I-Joists are manufactured and designed specifically for the project, thus any deviation from the design can cause significant issues later on, e.g. using internal non loadbearing walls for support when they shouldn’t.  This article will provide some useful tips for what to check for when I-Joists have been installed.

In all circumstances, the manufacturer’s joist layout drawings should be reviewed by all interested parties.

I-Joists must not have the flanges cut, damaged or notched. In addition, I-Joists should be stored and handled as per the manufacturer’s instructions and they should not be exposed to excessive moisture.

 

Key considerations

Joist spacing

The manufacturers joist layout drawings should be checked to see what spacing’s the joists should be laid to.

Hanger detailing

Where hangers are used, there should be a max 6mm gap between joist and hanger unless otherwise stated by the manufacturer.

The ‘minimum bearing’ of the I-Joist is to be to the manufacturer’s specification and not less than 45mm.

Where hangers are specified they should be either:

  • Full depth of the joist and restrain top flange or,
  • At least 0.6 x depth of the joist and have web stiffeners specified for the full depth of the joist (to both sides of the web).

Double joist fixings

Double joists should be fixed as per the manufactures design. This may for example be with a propriety clip fixed at specified centres. It is important to ensure that the work on site is in accordance with the manufacturers design.

Lateral restraint

Floors should provide lateral restraint to all walls running parallel to them by means of 30mm x 5mm galvanised or stainless steel restraint straps at 2m centres.

Restraint should also be provided for walls running perpendicular to joists by restraint type joist hangers.

Other forms of restraint proven by an Engineer can be accepted.

Strutting of I-Joists

Strutting or bridging of I-joists should be installed as per the below table:

Perimeter noggins

Perimeter noggins are required at the perimeter of I-Joists to support the floor decking above and to create a stronger and more rigid frame. They should be fitted with Z-clips.

Studs running parallel over I-Joists

Where studs above run parallel to I-Joists, they should be supported on multiple joists or a row of noggins. Where they are supported on nogging’s, the soleplate for the stud should be fixed into the noggin. Where you see multiple fixings through the decking in a row, it may be due to a stud above not being supported or fixed into the noggins.

Expansion gaps for floor decking

A 10mm expansion gap should be provided around the perimeter of the floor decking against a wall.

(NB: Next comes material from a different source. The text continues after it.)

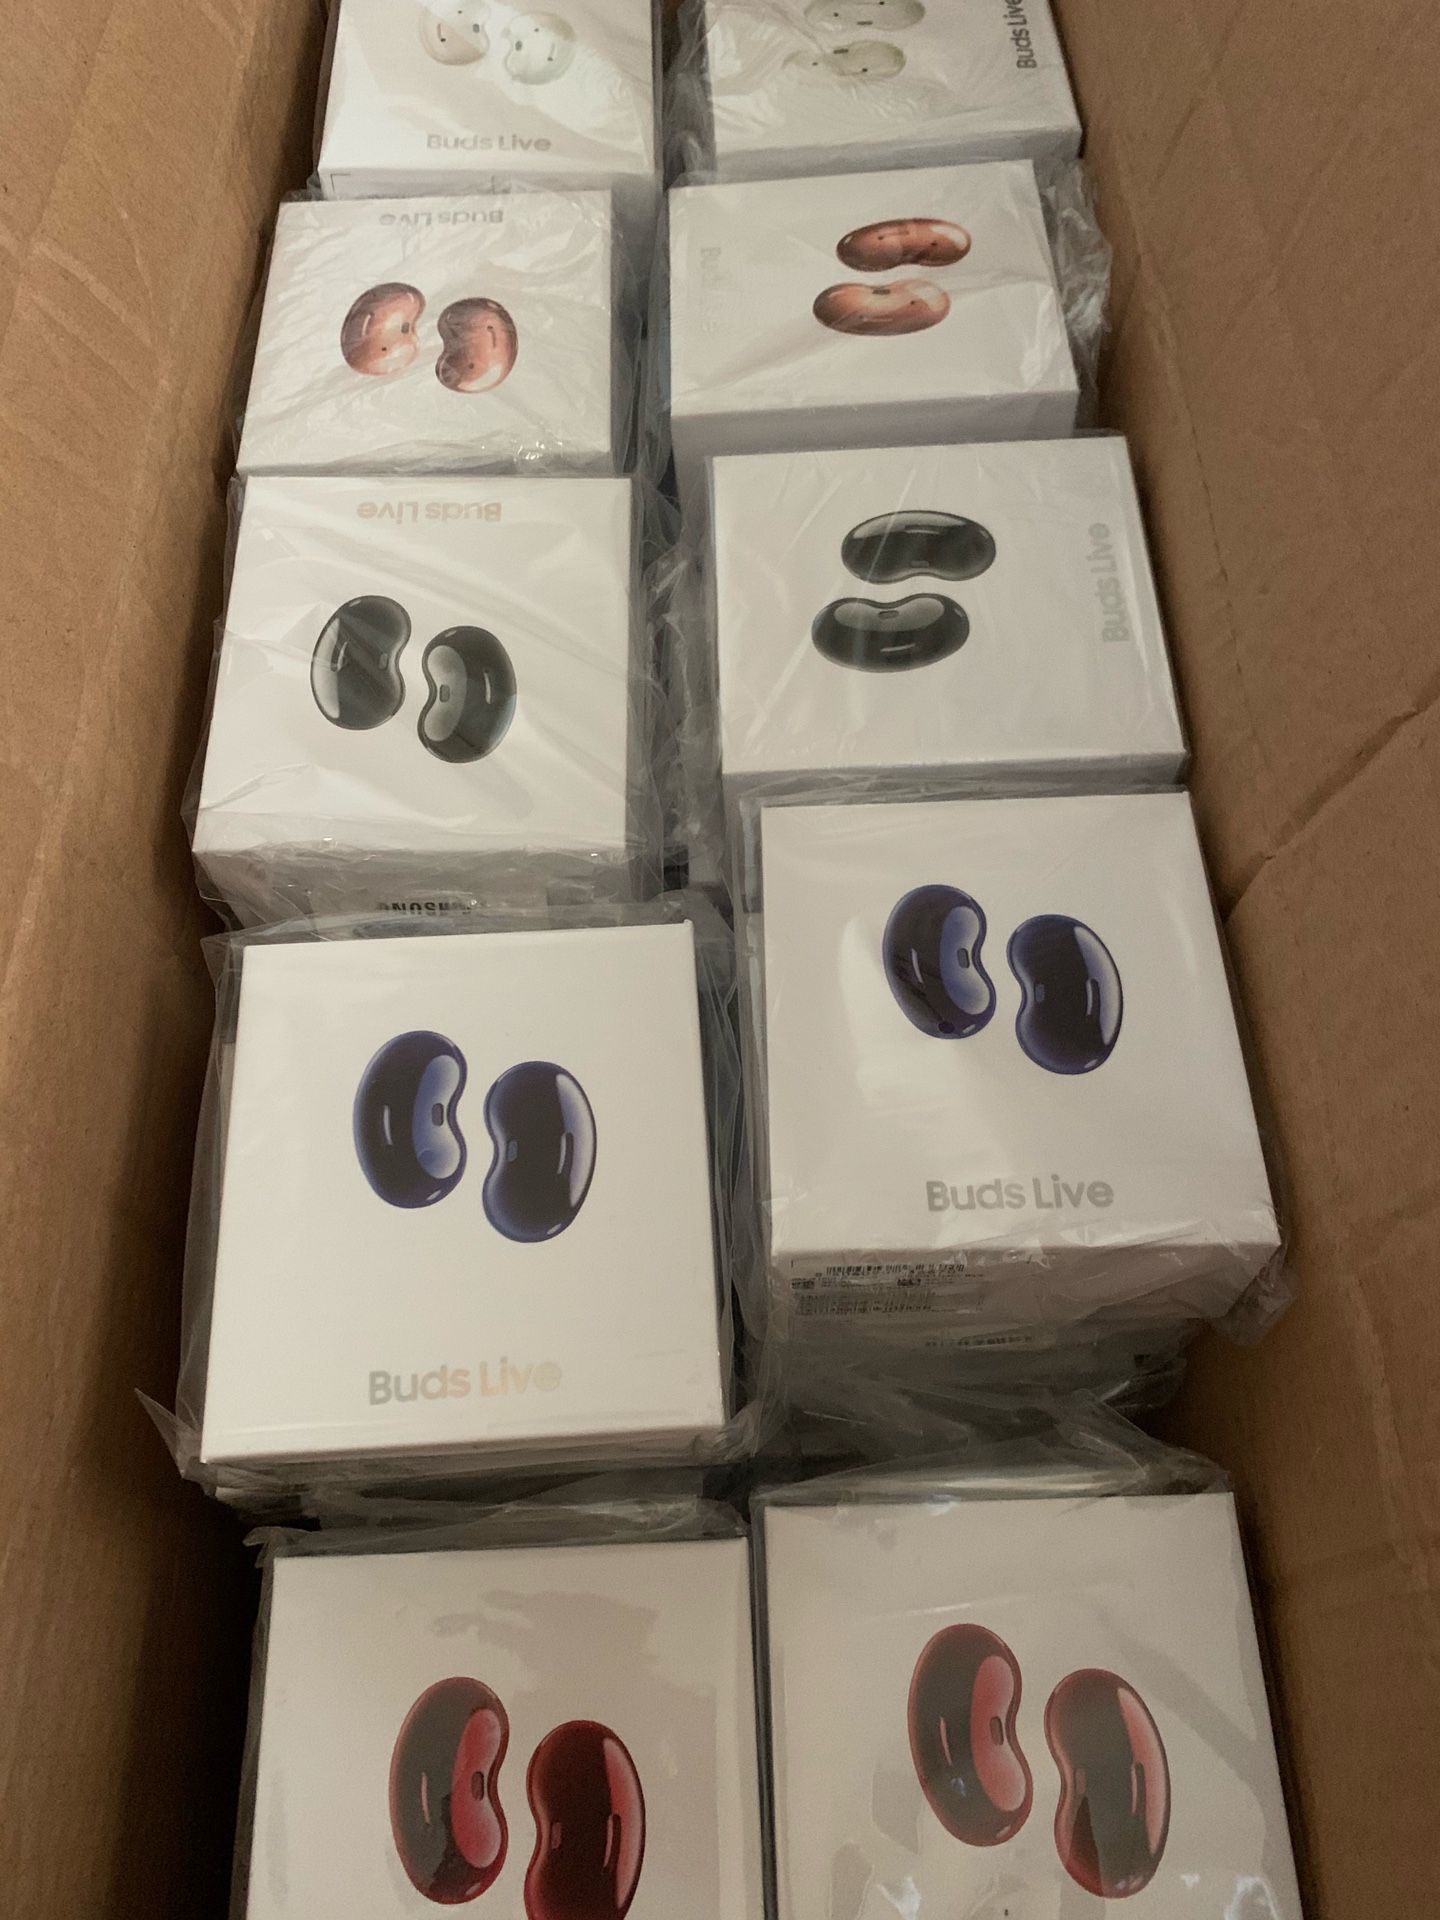 BRAND NEW SAMSUNG GALAXY BUDS LIVE WIRELESS  HEADPHONES AIRPODS EARPHONES BLUETOOTH FATHER’S DAY GIFT 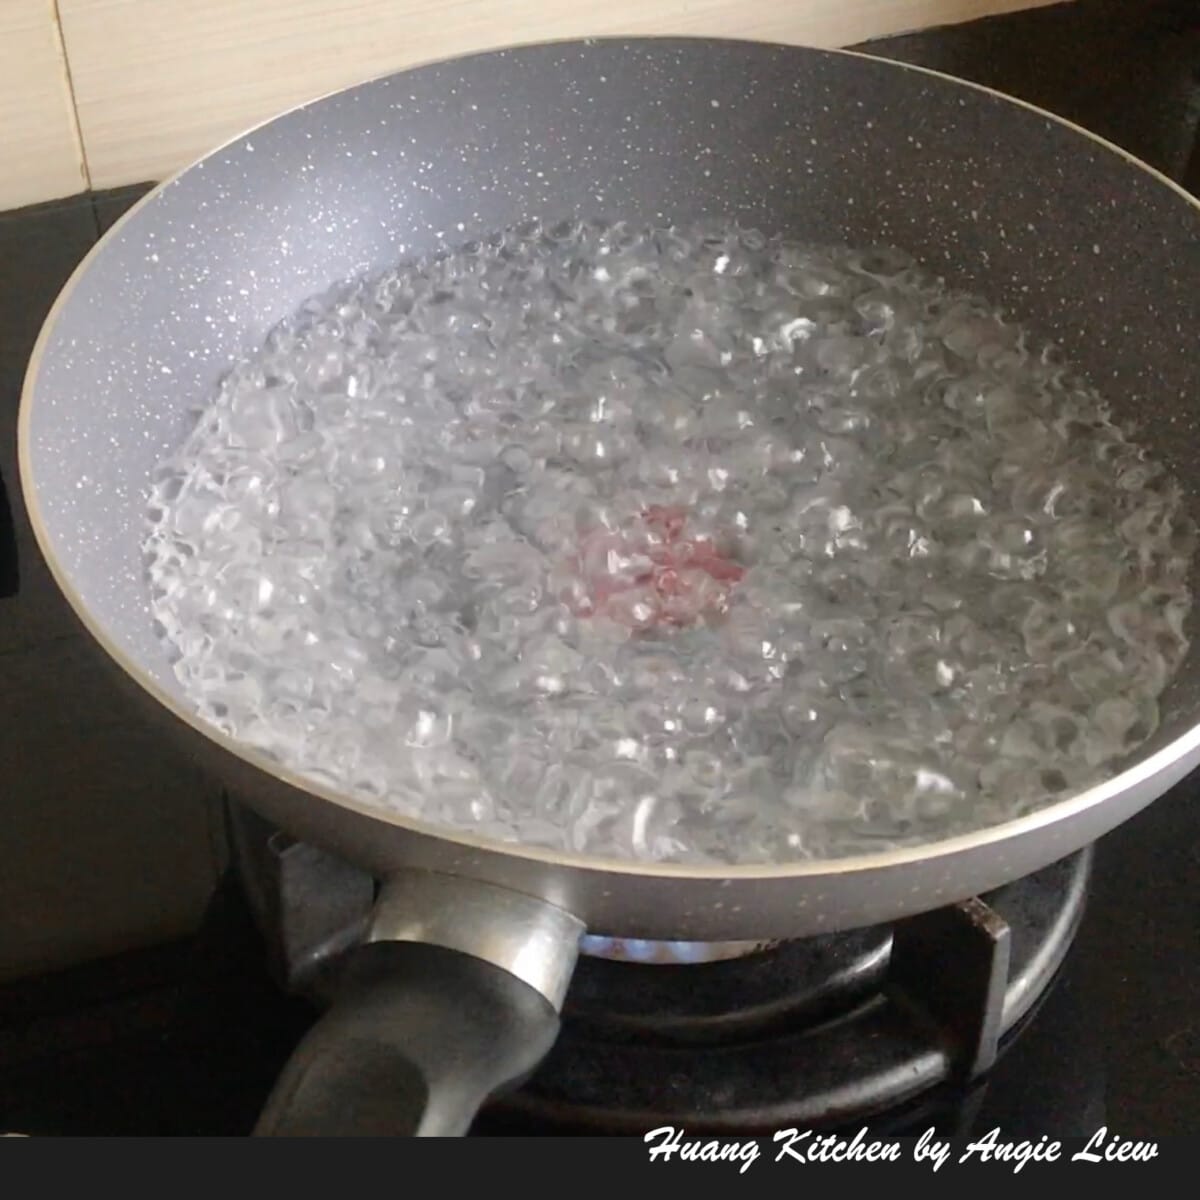 Boil water to scald egg noodles.

I-Joists bearing on a steel beam

Where I-Joists have been specified to bear onto a steel beam, the joist manufacturer’s detailing should be followed. There should be a solid timber infill in the web of the steel.

Building in of I-joists on to internal load bearing walls

To reduce shrinkage, all mortar should be adequately dry and solidly packed in, but it should not be packed up tight to the underside of the top flange. Before the floor decking is fixed, all continuous joists must be packed down to the intermediate bearing wall.

Additional blocking should be installed in accordance with the manufacturer’s instructions.

Generally a gap is required at the top or bottom of the packing, dependent on the direction of the load. Generally if the load comes from the bottom e.g. bearing on an internal wall the gap should be at the top. If the load is from the top the gap should be provided at the bottom.

The backing blocks should be fixed in accordance with the manufacturers design. Generally, backing blocks on deeper joists require a higher number of fixings.

Building I- joists over non loadbearing internal walls

Where a non-load bearing internal wall (or partition) is positioned under a floor, there needs to be an allowance for any deflection to occur in the floor without transferring any loads onto the wall, and therefore making it become a ‘load bearing wall’ unintentionally. Typically, a deflection head (also sometimes referred to as a ‘floating head’ fixing) is incorporated to the top of the non-load bearing wall. This head fixing allows a specified amount of movement to occur without it imposing any direct loading onto the wall.

Notching and drilling of I-Joists

Manufacturer’s instructions should be followed for notching and drilling of I-Joists.

Warranty stance

The above provides some general tips and good practice for I-Joist installations. This good practice guide should be reviewed with your site team and it should be used during the first floor inspection with your Warranty Surveyor.

Good practice guide to I-joist installations

Applicable section of the LABC Warranty Technical Manual is Section 10, Upper Floors.

Download a PDF copy of this guidance here.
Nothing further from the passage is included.